El PP ha ganado 4,4 puntos desde el último sondeo, que se publicó con motivo del 28 de Febrero. En aquella ocasión, los populares se situaban a 10,2 puntos. Después, en mayo se celebraron las elecciones municipales, y el PP ganó unos comicios en el conjunto de Andalucía por primera vez en la historia. La diferencia fue de 7,1, aunque las consultas locales guardan muchas diferencias con unas generales o autonómicas. No son comparables, pero sí son indicativas de la situación de cambio que se aprecia en el sondeo. Ahora, el PP obtendría un 49,4%, frente al 34,8% del PSOE, un porcentaje ya muy lejano del 48,2% con el que Manuel Chaves ganó por mayoría absoluta las últimas elecciones autonómicas.
Izquierda Unida parece confirmar la tendencia de situarse por encima del 8%, un punto más que en las andaluzas de 2008, cuando se quedó en el 7,1%. La formación que lidera Diego Valderas obtendría el 8,4% de los votos, lo que podría darle algunos diputados más sobre su grupo parlamentario, compuesto por seis escaños.
La pérdida de apoyos del Partido Socialista obedece a una transferencia de su electorado tradicional hacia otras opciones, ya sea a la abstención o a otros partidos. La lealtad del electorado tradicional socialista se tambalea, mientras que la del PP se mantiene en niveles muy altos.

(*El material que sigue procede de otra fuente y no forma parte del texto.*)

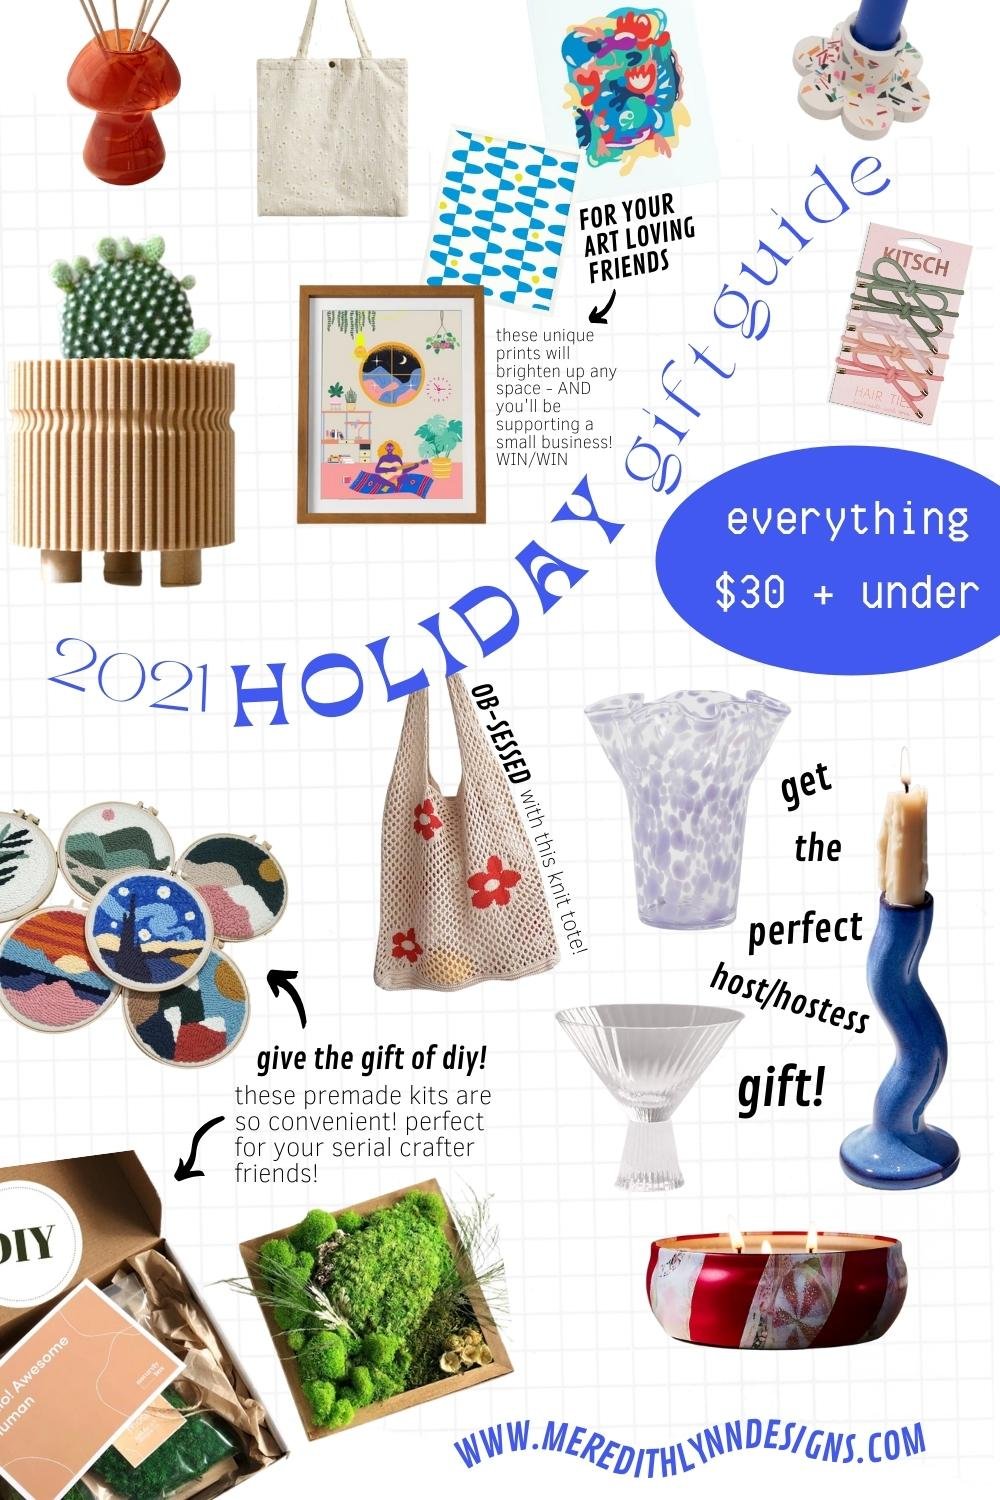 Top 10 Gifts Under $30 for Christmas

Un vistazo a la tendencia de la estimación de voto desde octubre de 2008 permite observar, claramente, tres fases: una caída lenta de voto de los socialistas acompañado de un crecimiento apenas imperceptible de los populares, que se convirtió en empate técnico entre otoño de 2009 y el invierno de 2010, y que se solventó claramente a favor del PP a partir de junio de 2010, cuando comenzaron a hacerse públicos los ajustes presupuestarios de José Luis Rodríguez Zapatero. Todo ello tuvo un fiel reflejo en el comportamiento de los andaluces respecto a su voto en las autonómicas. Ahora, el PSOE va bajando y el PP sube con claridad.
El presidente de la Junta, José Antonio Griñán, aún no ha convocado las autonómicas, aunque todo indica que se celebrarán en el mes de marzo. Hasta entonces, el hecho verdaderamente sustancial, el único que podría alterar algo lo que los sondeos muestran como una tendencia clara, será el resultado de las elecciones generales del próximo 20 de noviembre y los primeros meses de acción de Gobierno de Rajoy para reducir el déficit, si tal como indican las encuestas, el PP logra vencer en estos comicios. Eso, y el panorama económico europeo, no exento de sobresaltos permanentes.